··· Collected data ···

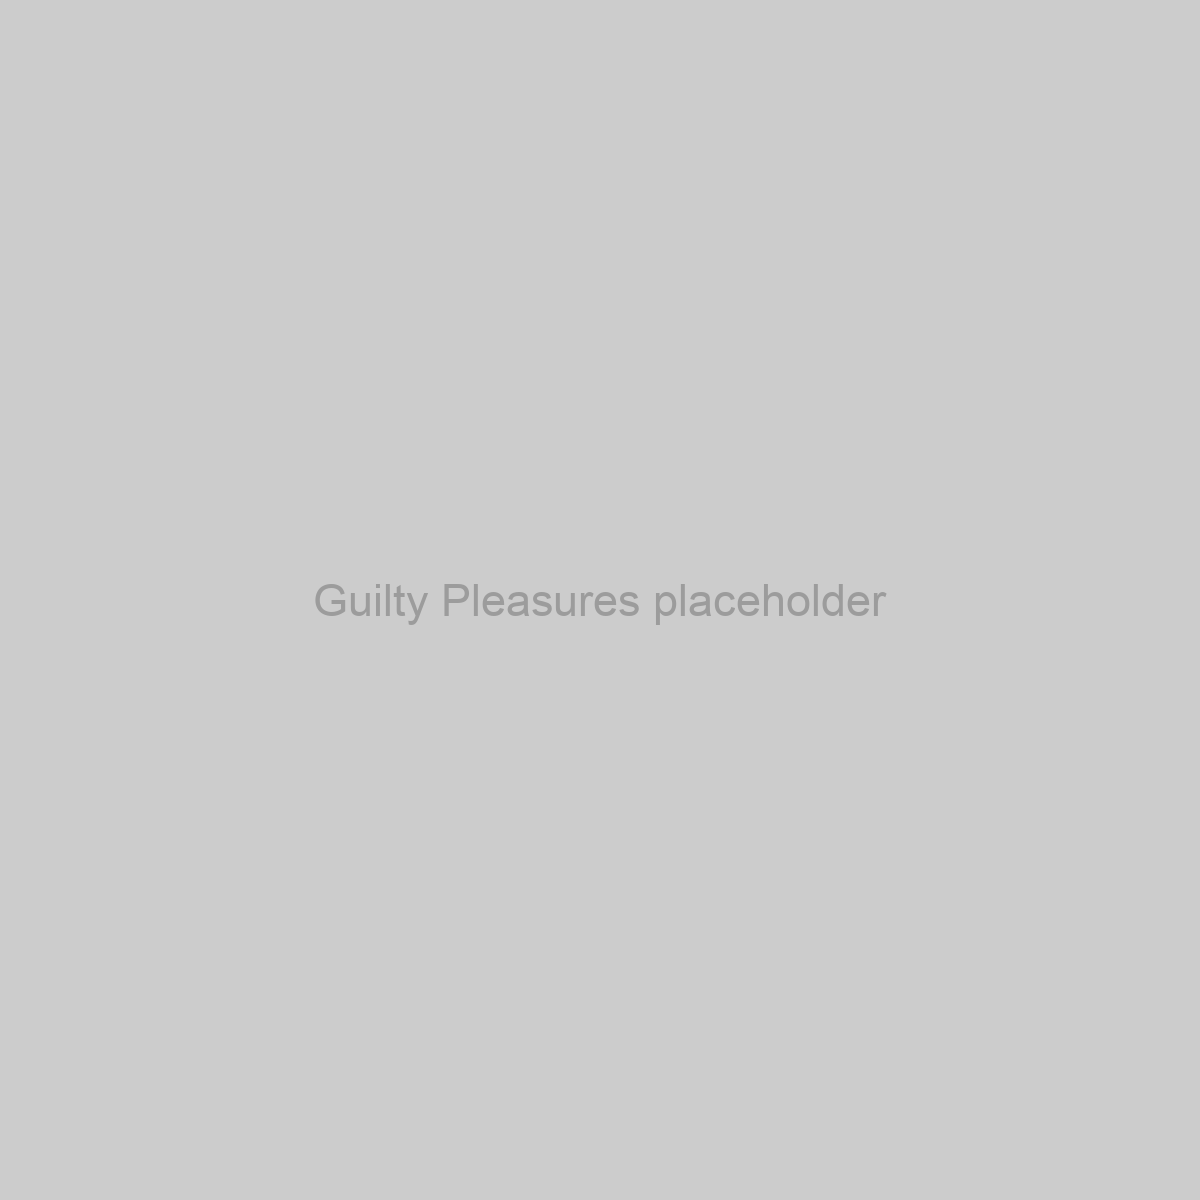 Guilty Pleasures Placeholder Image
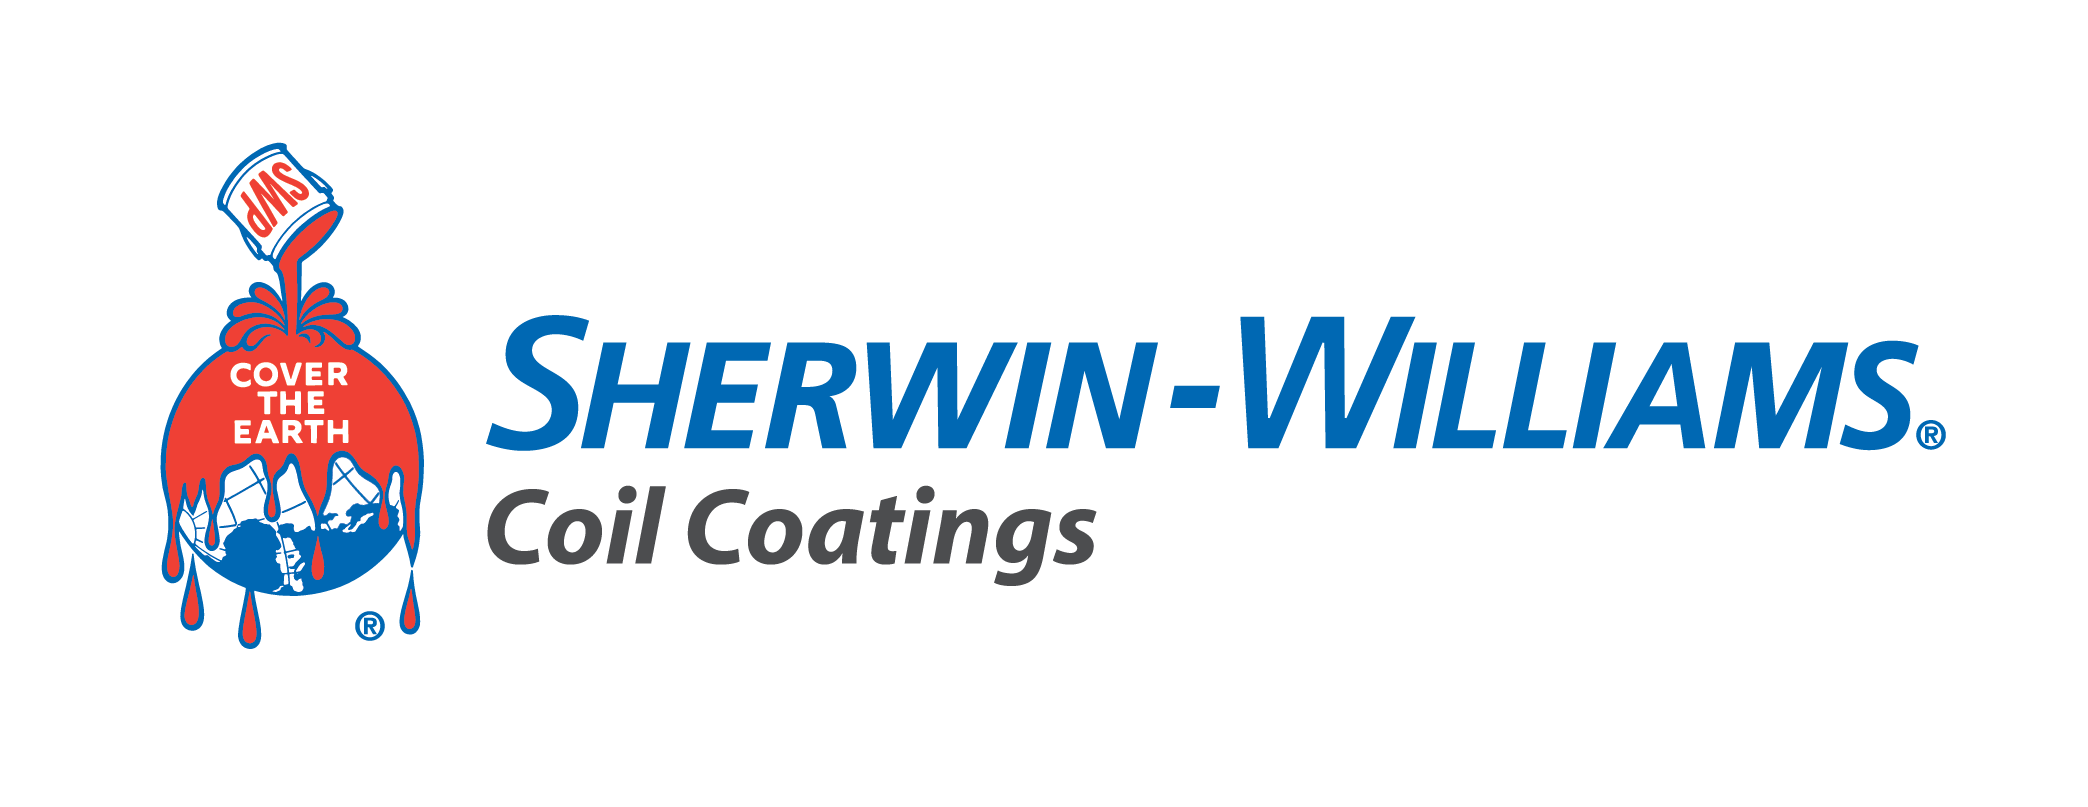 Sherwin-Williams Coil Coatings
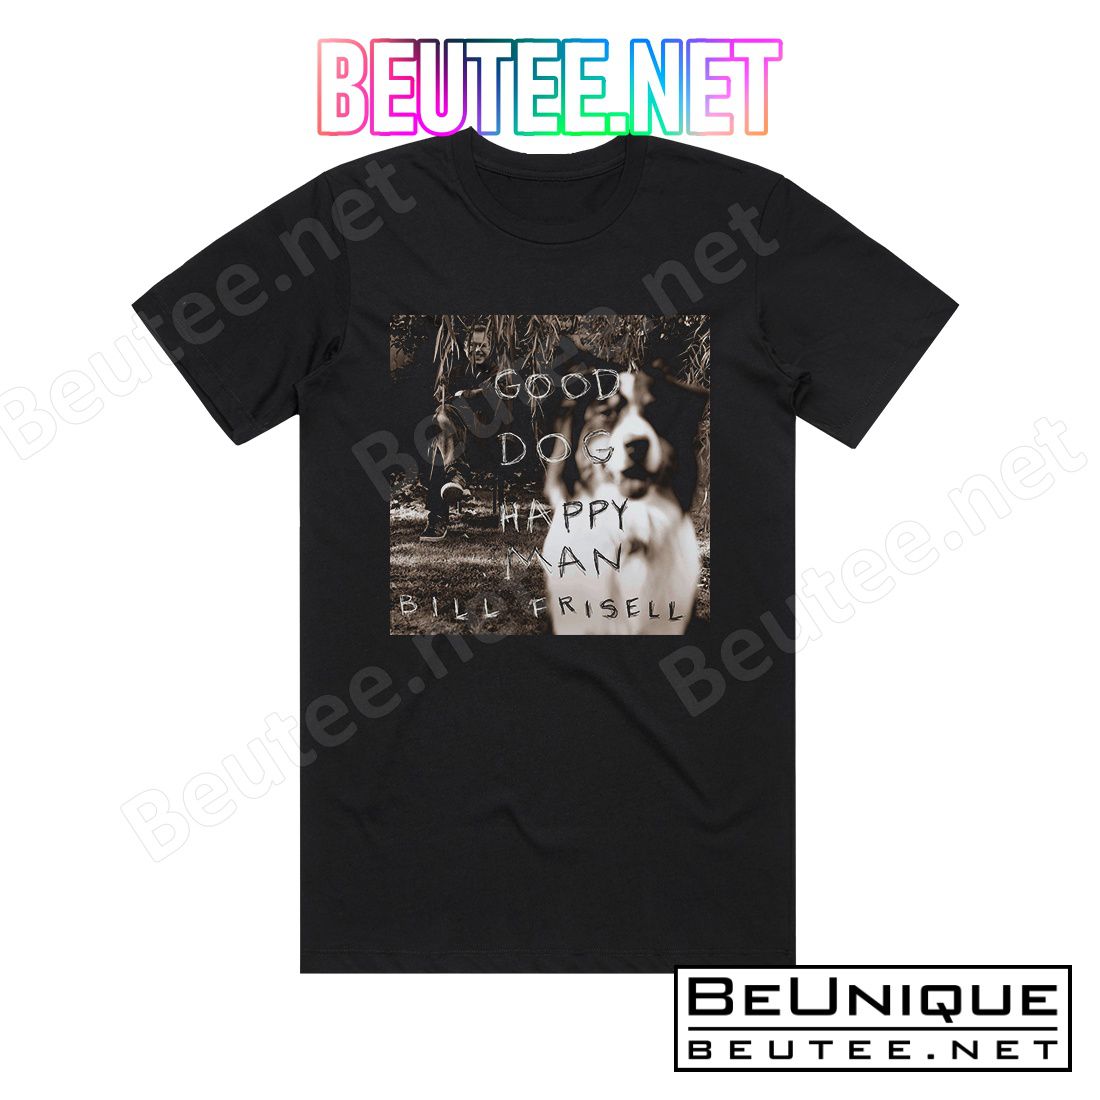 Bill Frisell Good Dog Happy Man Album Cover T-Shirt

···

Activity:
Line by line and exactly, reproduce the span from the line with "Sherwin-Williams Coil Coatings" through the end of the data above, both ends included, with pictures left out.

Exercise result:
 Sherwin-Williams Coil Coatings
 Bill Frisell Good Dog Happy Man Album Cover T-Shirt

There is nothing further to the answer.